* [INSTRUCTIONS TO FOLLOW]: Everything from the line holding "PPT - Satin" through the final line of the entries below is to be written out exactly, and nothing more; leave out pictures.

● ● ● ● ● ● ●

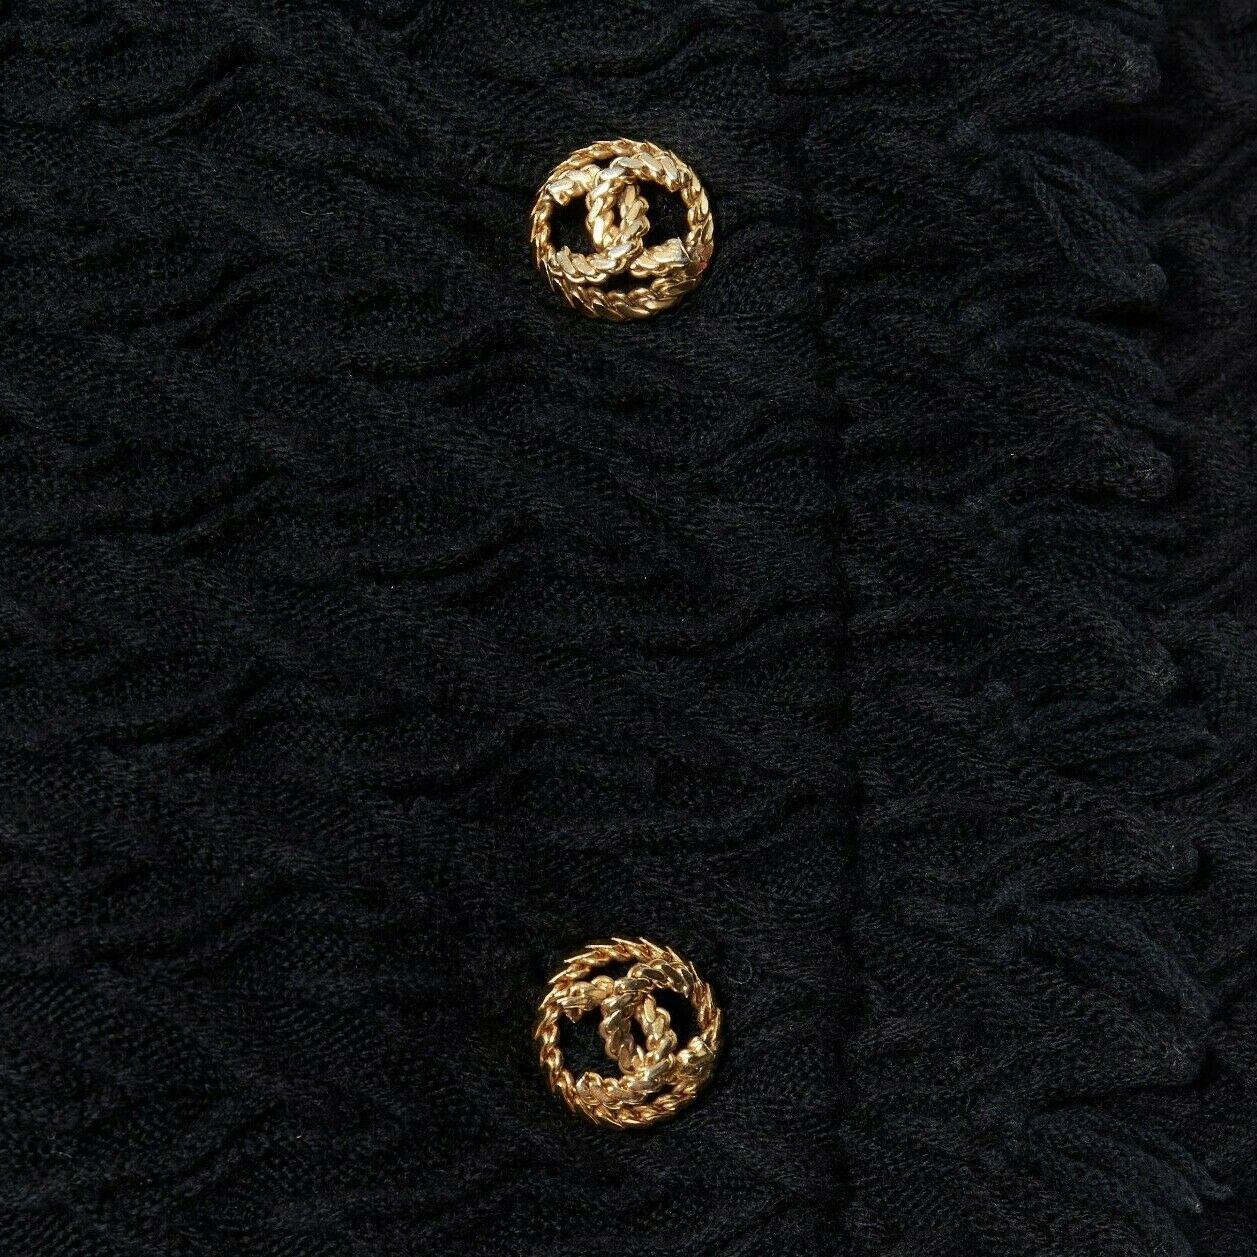 CHANEL HAUTE COUTURE chevron knit gold button high neck fray little black jacket
Brand: CHANEL
Designer: Karl Lagerfeld
Collection: Haute Couture
Model Name / Style: Couture jacket
Material: Other; composition label not present. Feels like
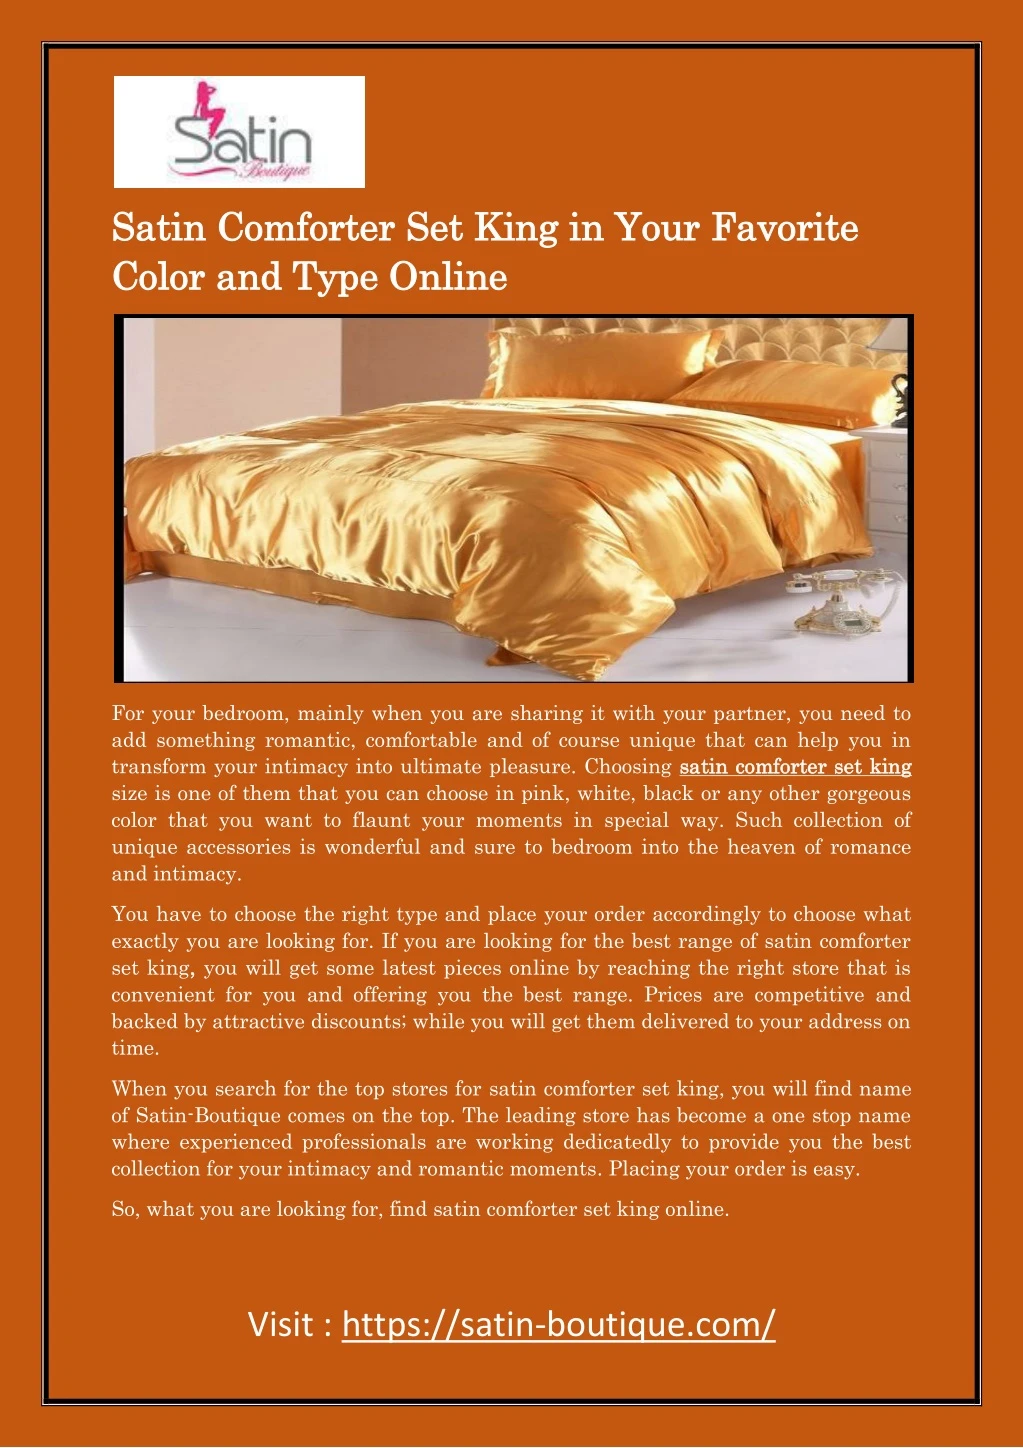 PPT - Satin Comforter Set King in Your Favorite Color and Type Online ...
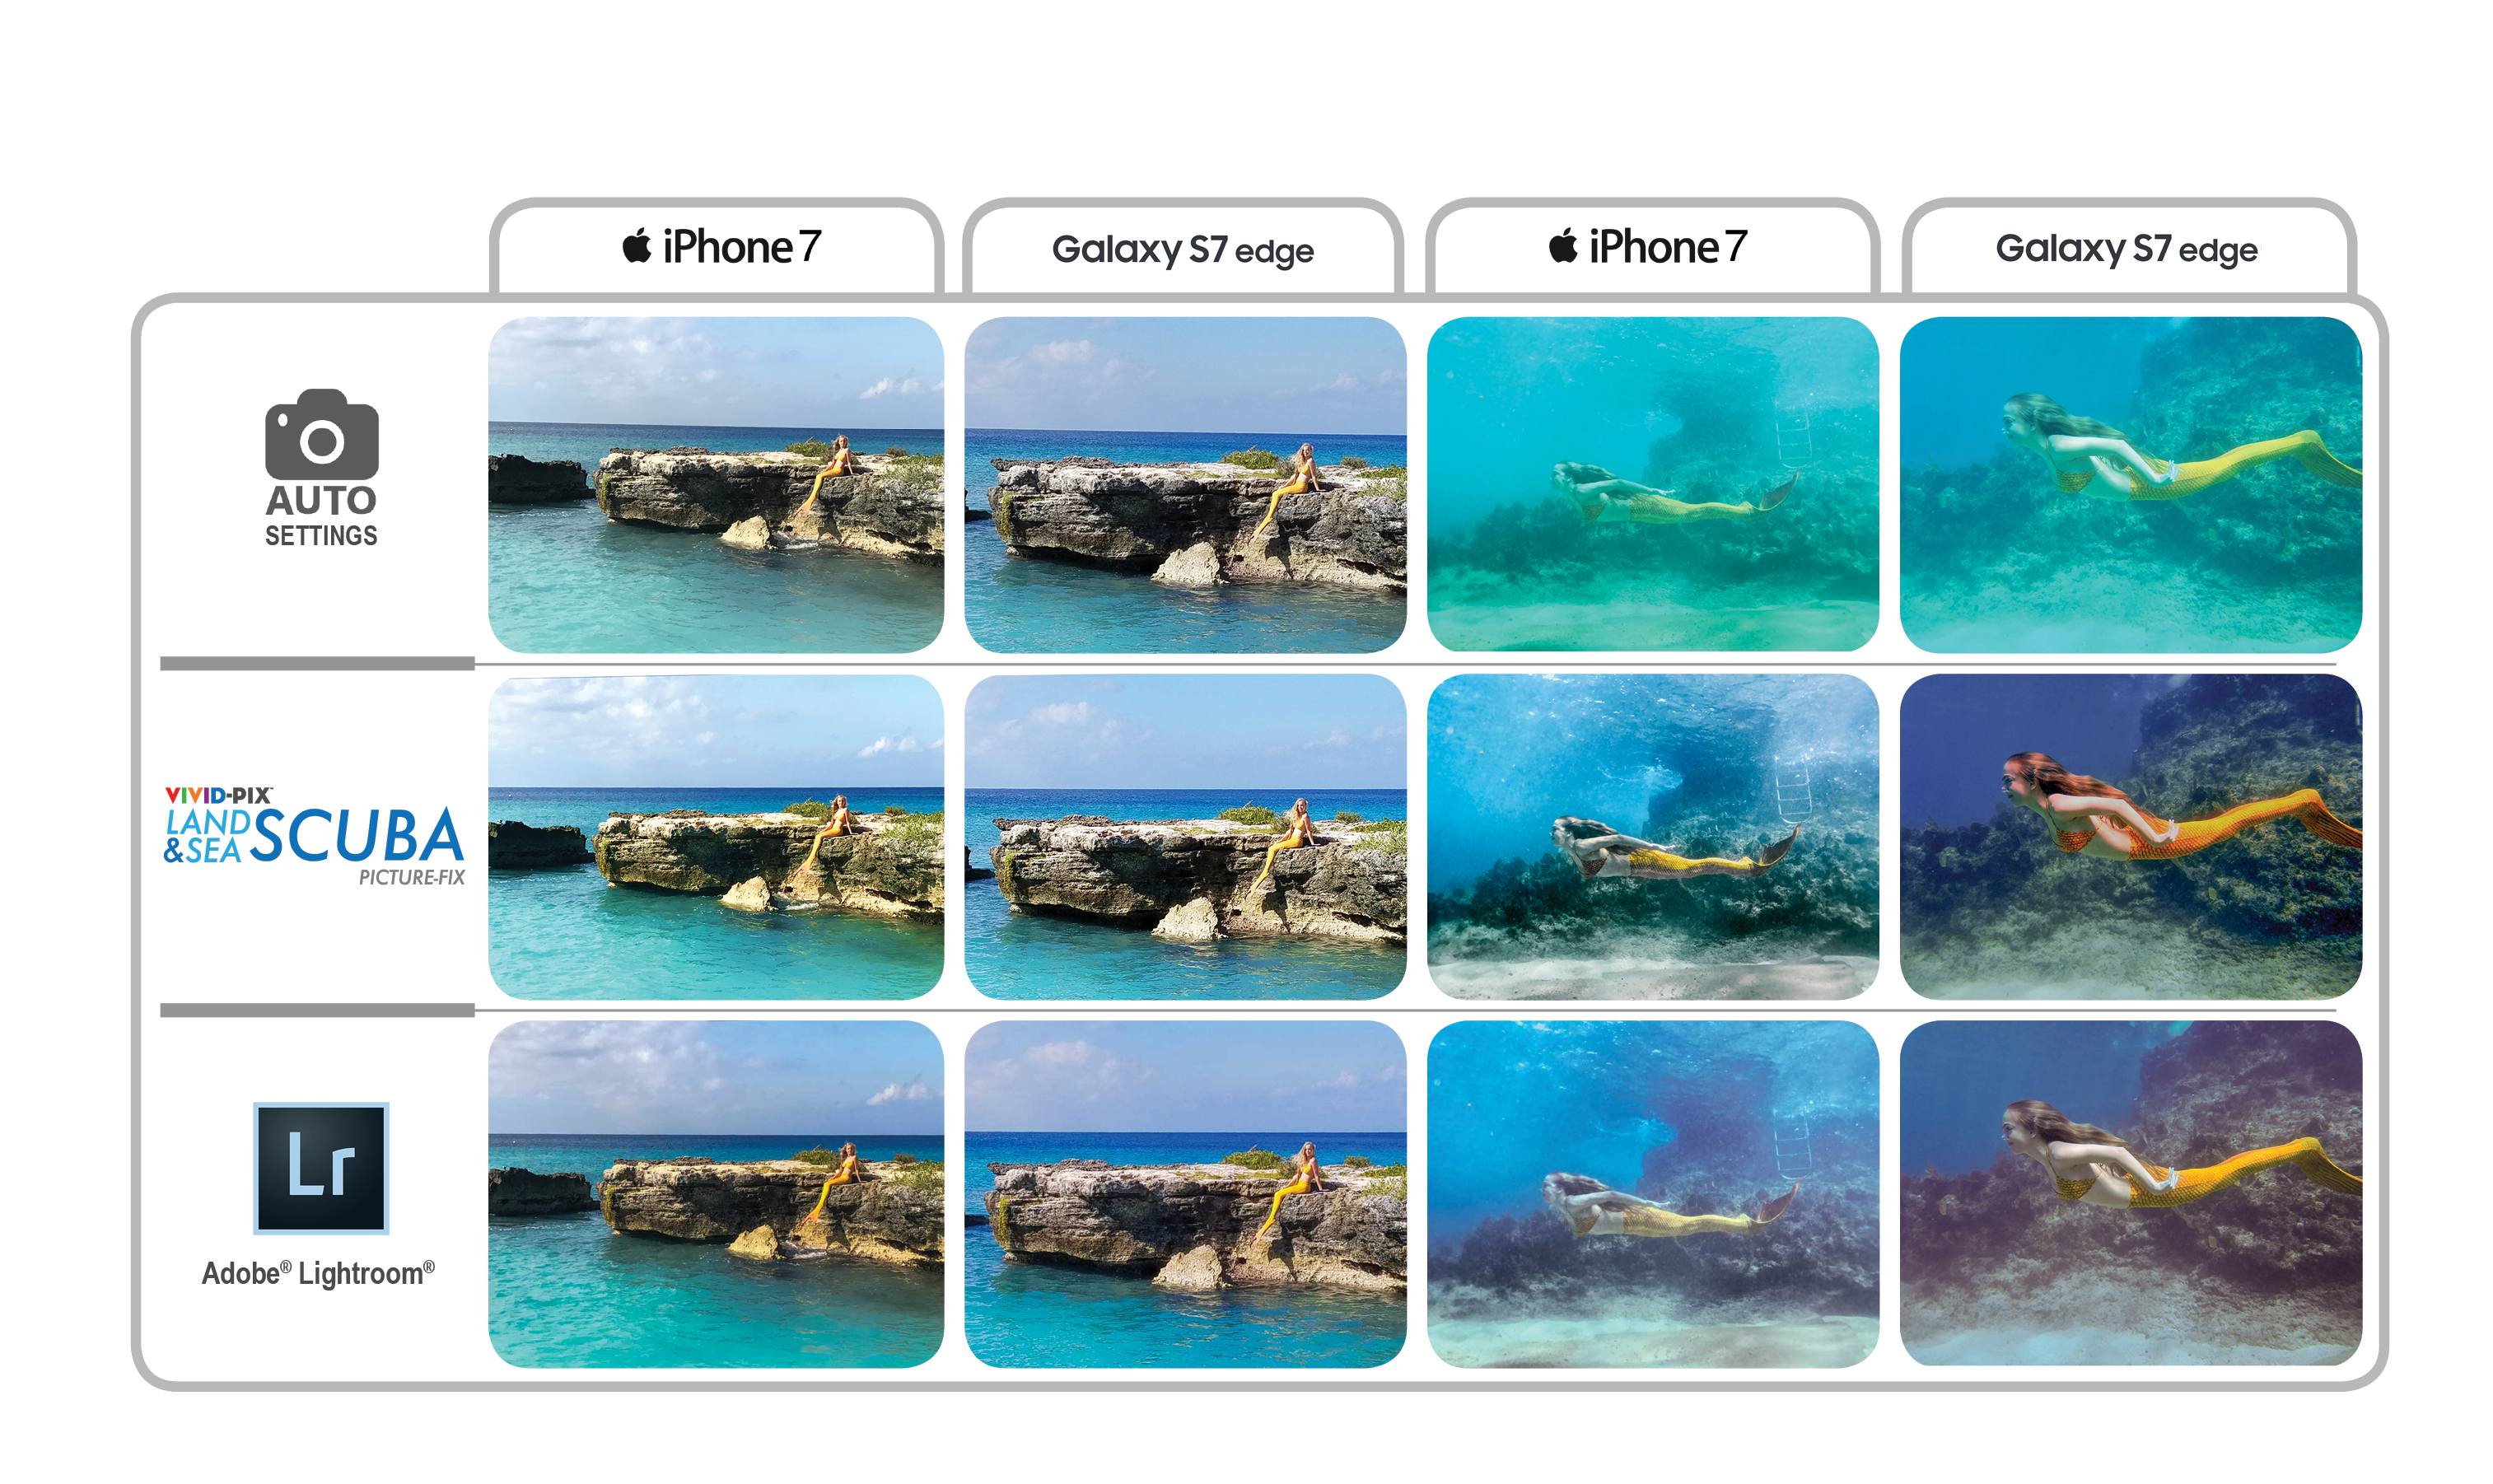 The article provides comparative images that illustrate phones, cameras, and photo quality.

● ● ● ● ● ● ●

* [SOLUTION]:
 PPT - Satin Comforter Set King in Your Favorite Color and Type Online ...
 The article provides comparative images that illustrate phones, cameras, and photo quality.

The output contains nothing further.